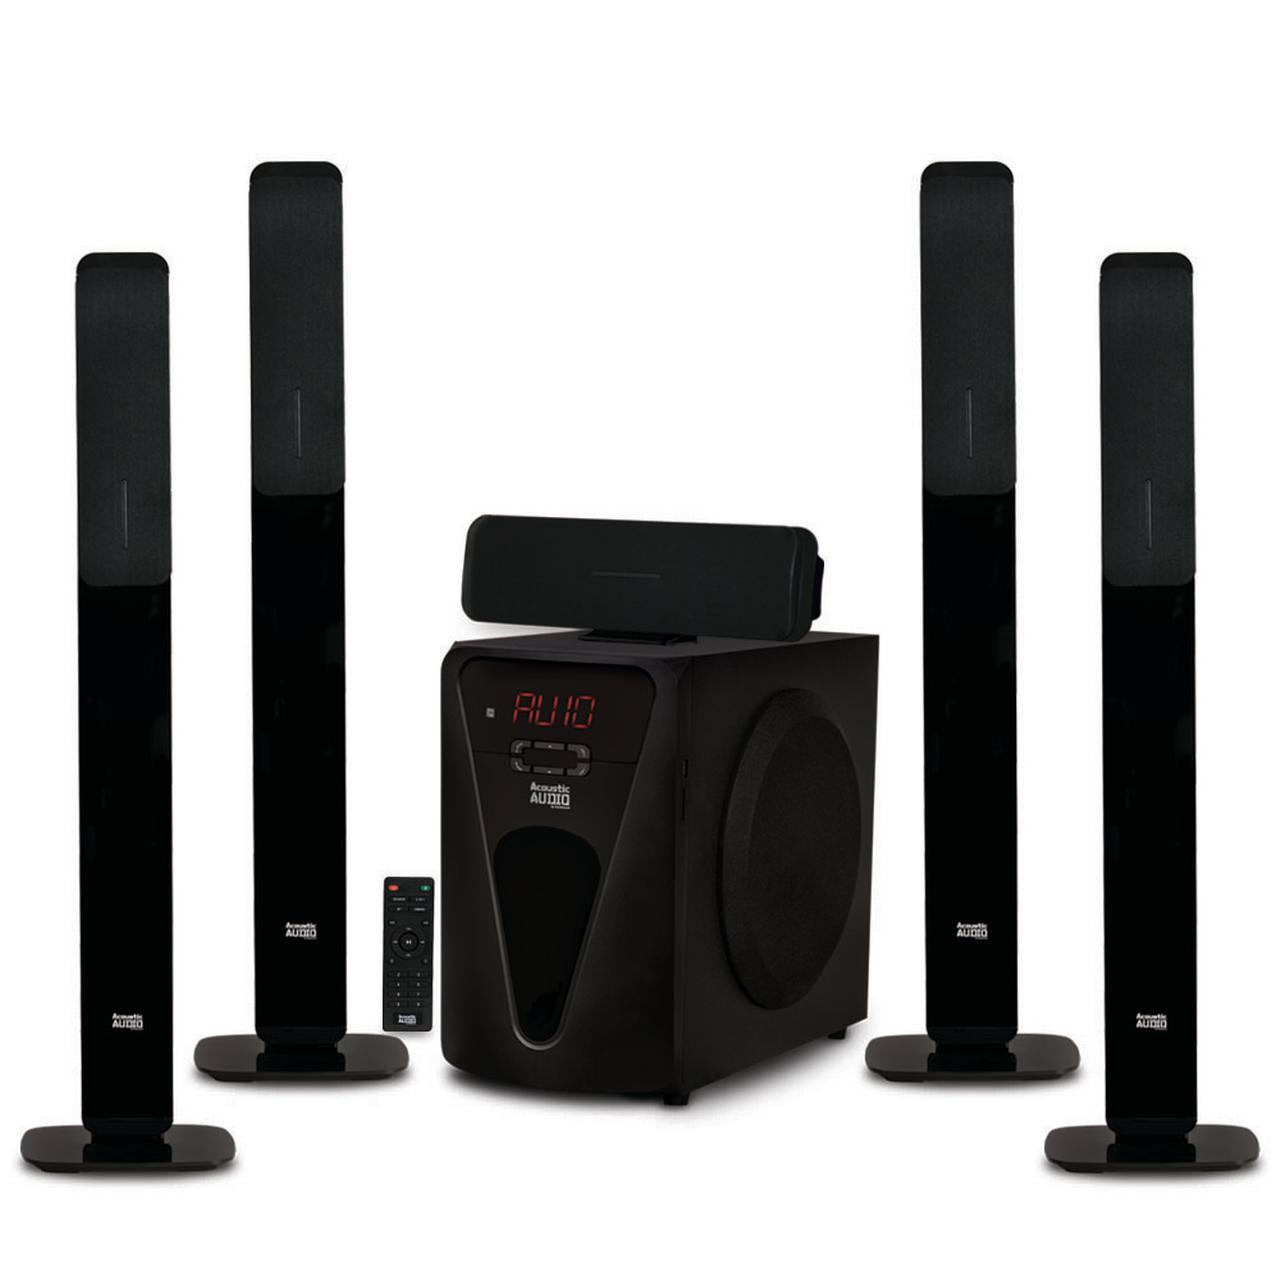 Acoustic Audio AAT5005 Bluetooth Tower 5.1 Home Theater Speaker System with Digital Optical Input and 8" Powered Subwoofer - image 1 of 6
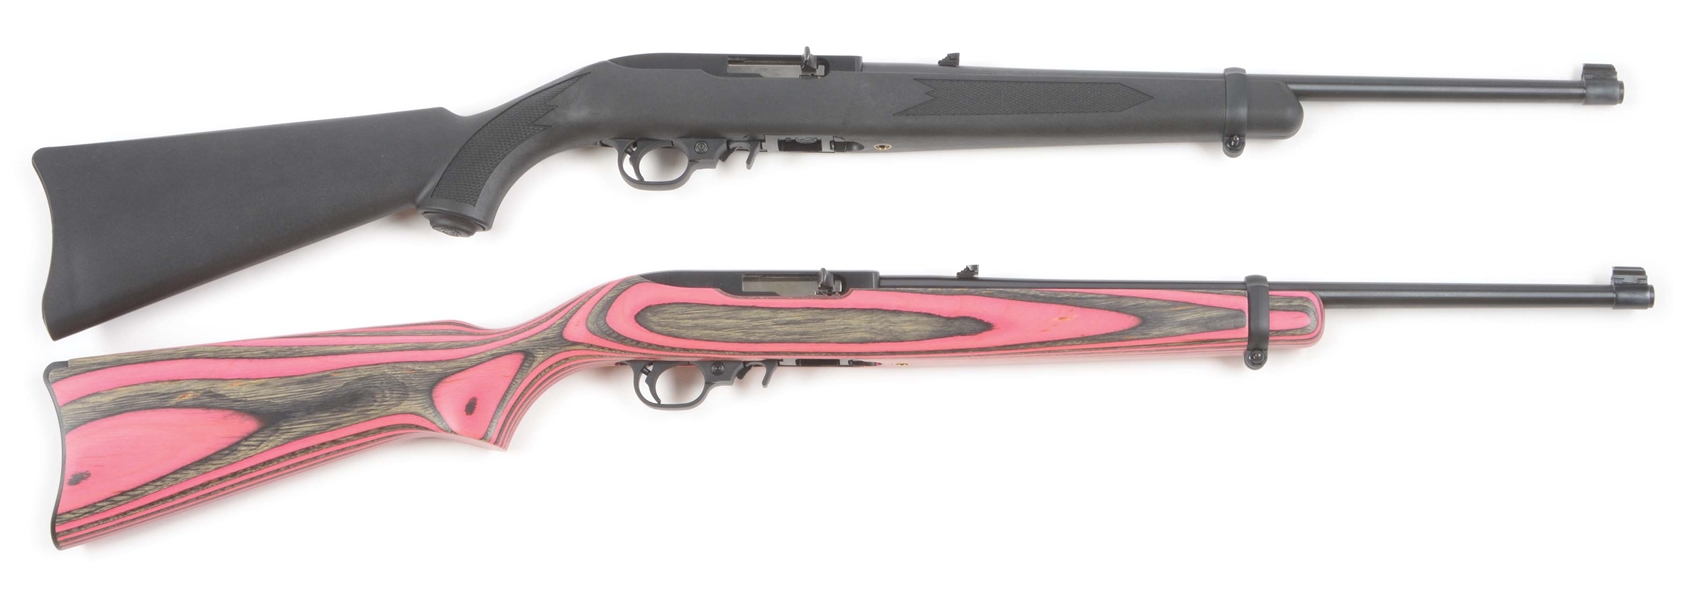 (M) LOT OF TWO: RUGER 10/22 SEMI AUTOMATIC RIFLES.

********************

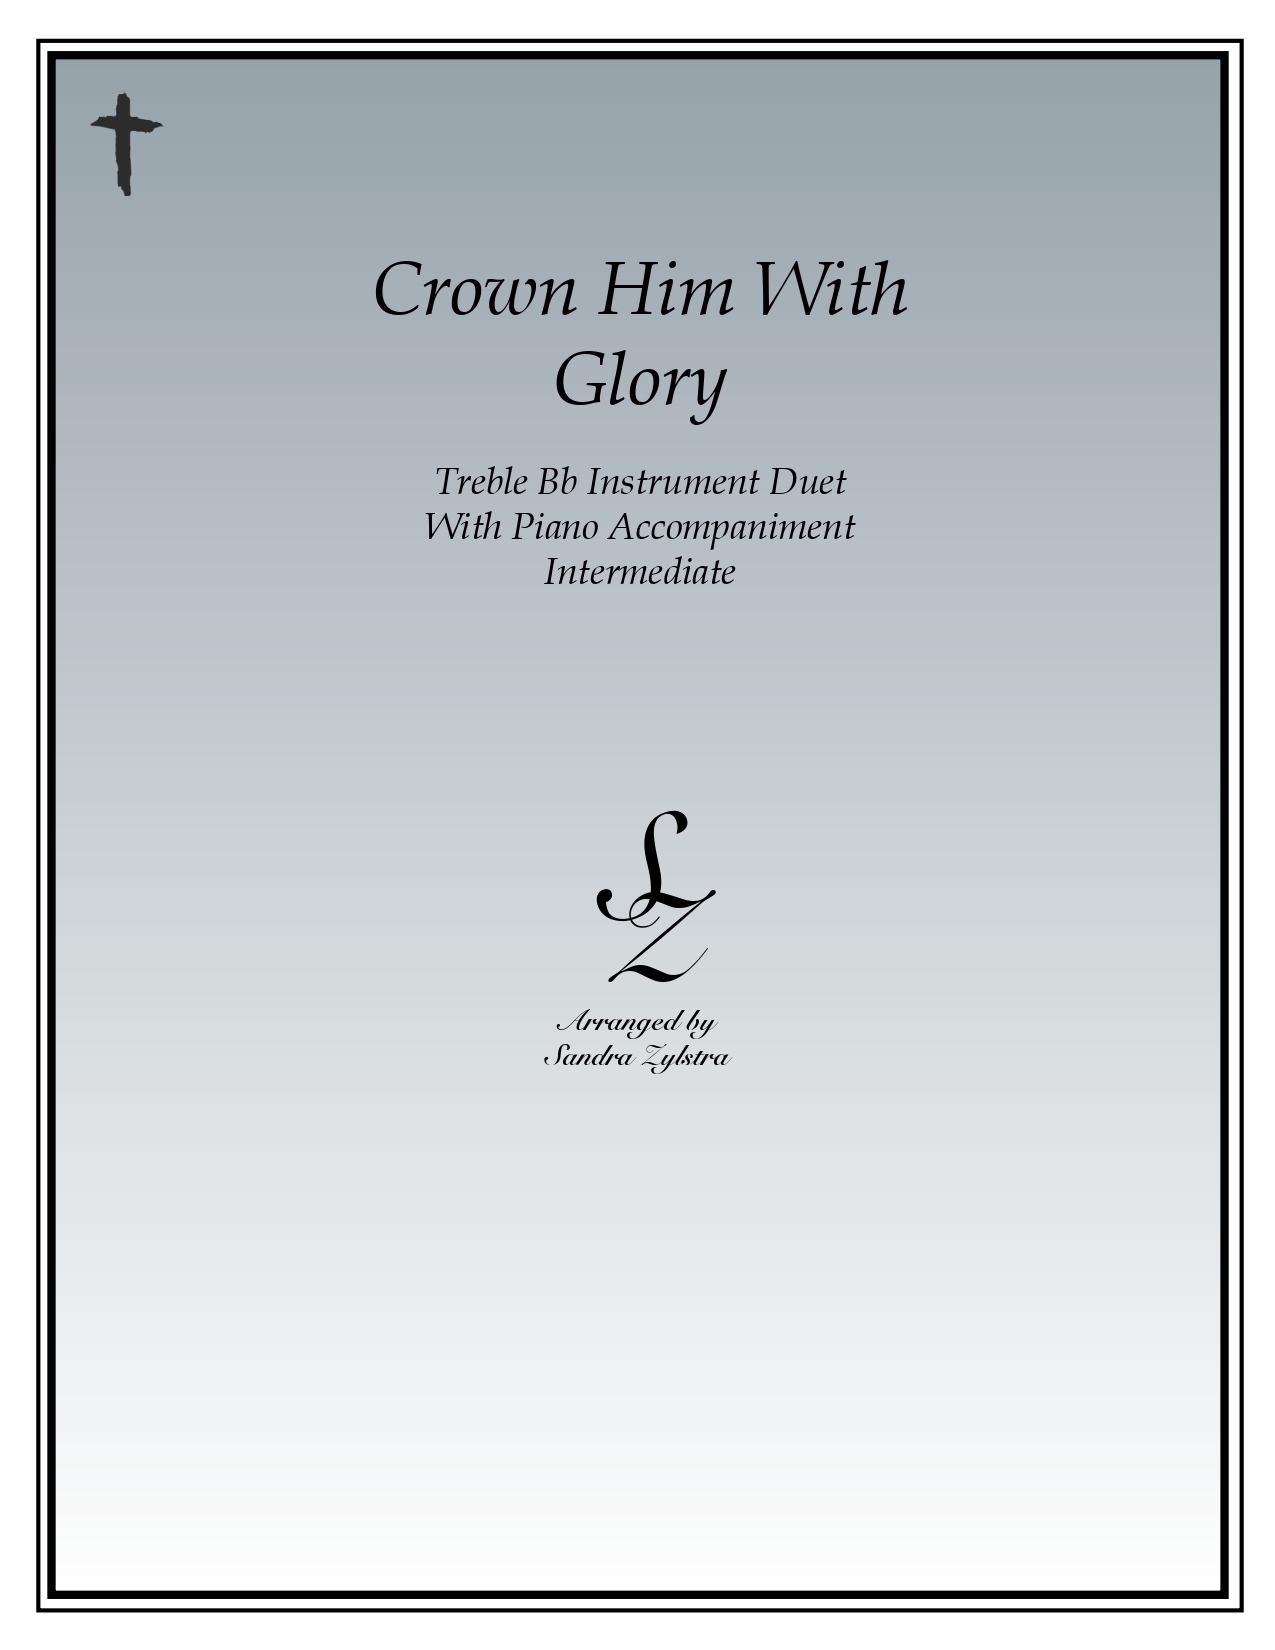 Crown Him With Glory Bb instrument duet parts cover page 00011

********************

*TASK TO COMPLETE:* Taking the records above, print only and exactly the lines from the line with "Acoustic Audio AAT5005" to the line with "(M) LOT OF TWO: RUGER", both kept, and exclude pictures.

*RESULT FOR THIS EXERCISE:*
 Acoustic Audio AAT5005 Bluetooth Tower 5.1 Home Theater Speaker System with Digital Optical Input and 8" Powered Subwoofer - image 1 of 6
 (M) LOT OF TWO: RUGER 10/22 SEMI AUTOMATIC RIFLES.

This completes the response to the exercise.